In the fourth step, the wireless receiver of the in vitro gastrointestinal electrical signal processing device receives the electrical signal, decodes it through the decoder, and calibrates the signal baseline. The data analysis processor applies the data analysis software to calculate the surface potential map of the capsule, and then deduces the gastric mucosa The surface potential map integrates the gastroelectric signals from the dorsal side of the gastric fundus, the dorsal side of the gastric body and gastric antrum, the gastric body and the ventral side of the gastric antrum, and the ventral side of the gastric fundus to obtain a topographic map of the whole stomach and store it;

In the fifth step, after the detection is completed, the gastrointestinal electrical signal detection capsule is excreted through the digestive tract.

During the detection process, the position of the gastrointestinal electric signal detection capsule is controlled through the cooperation of the magnet and the magnet.

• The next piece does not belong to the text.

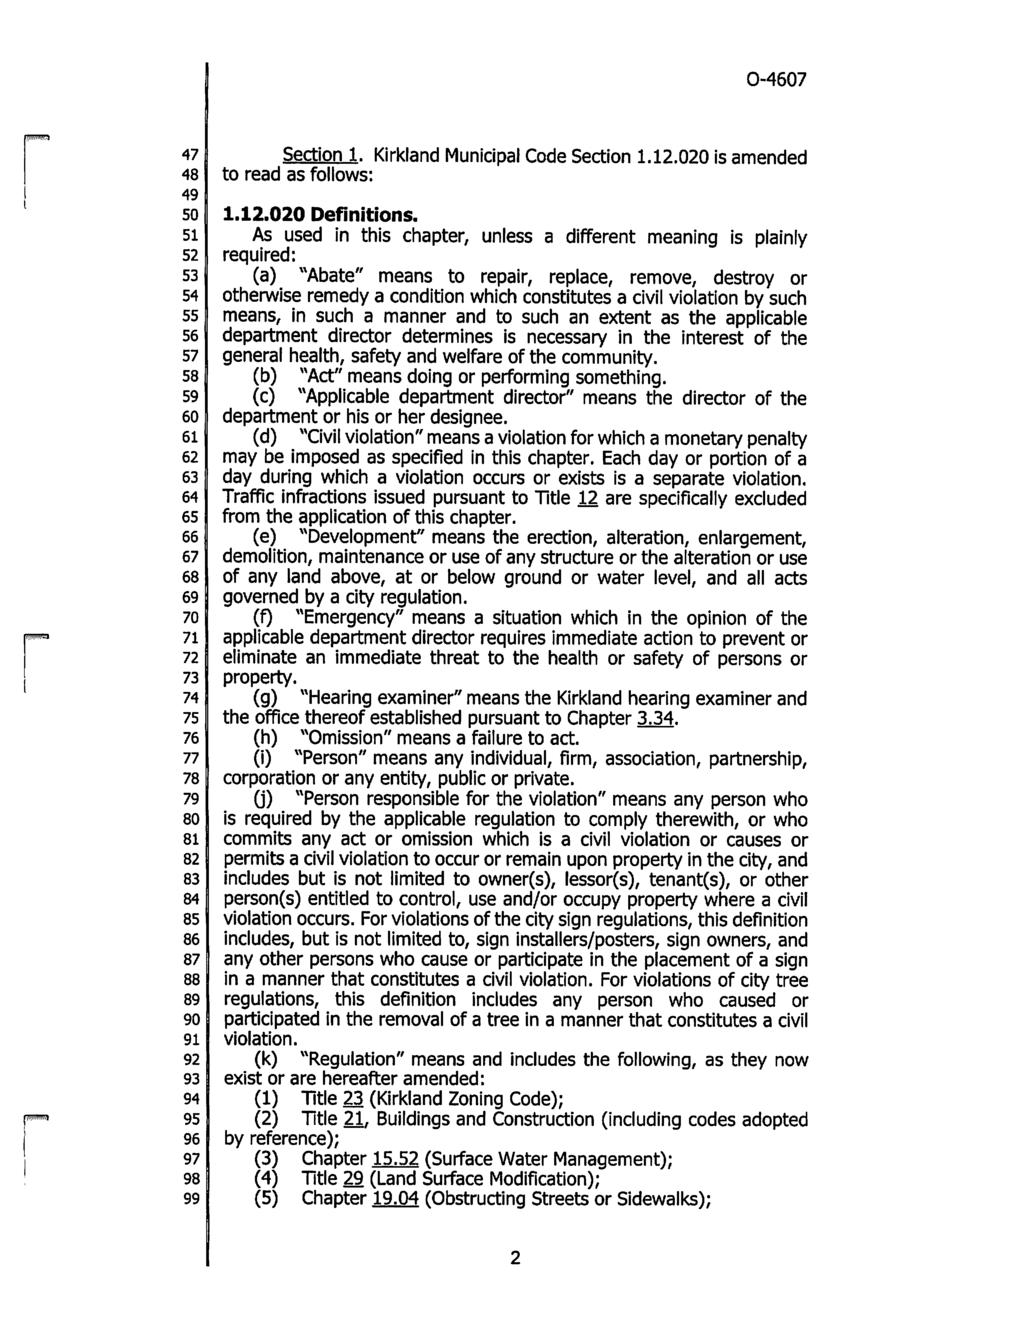 47 Section 1. Kirkland Municipal Code Section 1.12.020 is amended 48 to read as follows: 49 50 1.12.020 Definitions.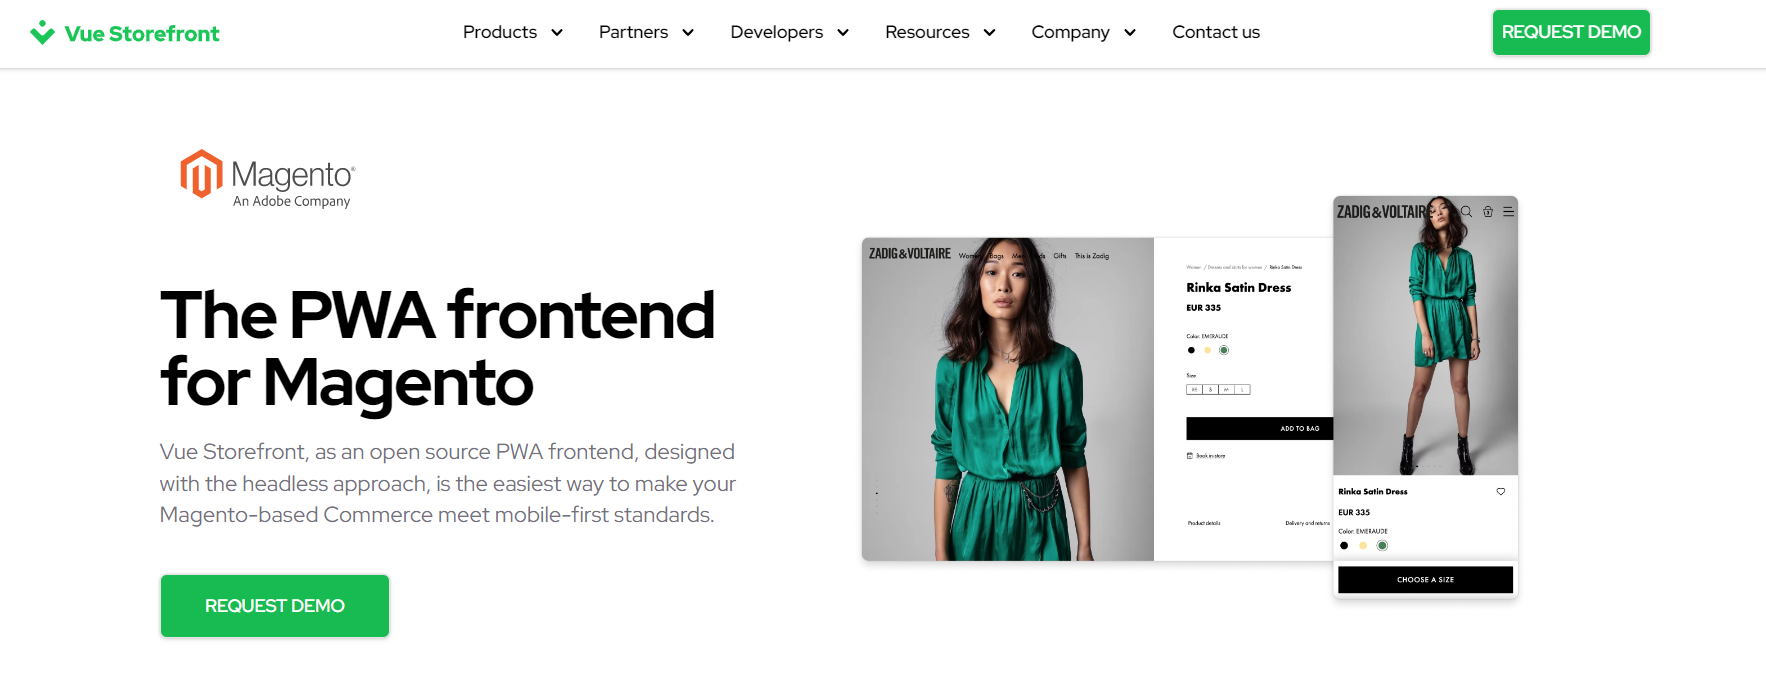 Magento PWA Theme by Vue Storefront

And the magnet has a fixed direction in the magnetic field formed by the upper and lower two magnets, so that the gastrointestinal electrical signal detection capsule is fixed in a certain direction for detection, and the detected gastric electrical signal is more stable and accurate.

Claims (2)

1. A wireless gastrointestinal electrical topographic map recorder, characterized in that: the recorder includes a gastrointestinal electrical signal detection capsule (3) placed in the subject's body and a gastrointestinal electrical signal processing device positioned outside the subject's body (5); Gastrointestinal electrical signal detection capsule (3) comprises input electrode (9), lead wire (10), signal selector (12), signal amplification filter (13), central processing unit (14), encoder ( 15), wireless transmitter (16), battery (17) and capsule shell (21), input electrode (9) is connected with signal selector (12), central processing unit (14) is connected with signal selector (12), respectively Signal amplification filter (13), encoder (15) and wireless transmitter (16) are connected; Battery (17) is respectively connected with signal selector (12), signal amplification filter (13), central processing unit (14), Encoder (15) is connected with wireless transmitter (16); Gastrointestinal electric signal processing device (5) comprises wireless receiver (6), decoder (7) and data processing device (8), data processing device (8) Including data analysis processor (18), liquid crystal display (19) and data memory (20), wireless receiver (6) is connected with decoder (7), decoder (7) and data processing device (8) The input end of the data analysis processor (18) is connected, and the output end of the data analysis processor (18) is connected with the liquid crystal display (19) and the data storage (20) respectively; The surface of the capsule shell (21) is covered by multiple A net-like interwoven wire (10) is covered, and an input electrode (9) is arranged at the intersection of the wire and the wire; a signal selector (12), a signal amplification filter (13), a central processing unit (14), an encoder (15), wireless transmitter (16) and battery (17) are arranged inside the capsule shell. 2. The wireless gastrointestinal electrotopography recorder according to claim 1, characterized in that: the recorder also includes magnets (1) arranged above and below the examination table (2), and magnets (1) arranged on the gastrointestinal electric signal The magnets (11) inside the capsule (3) are tested; the magnets located above the examination bed are opposite in polarity to the magnets located below the examination bed.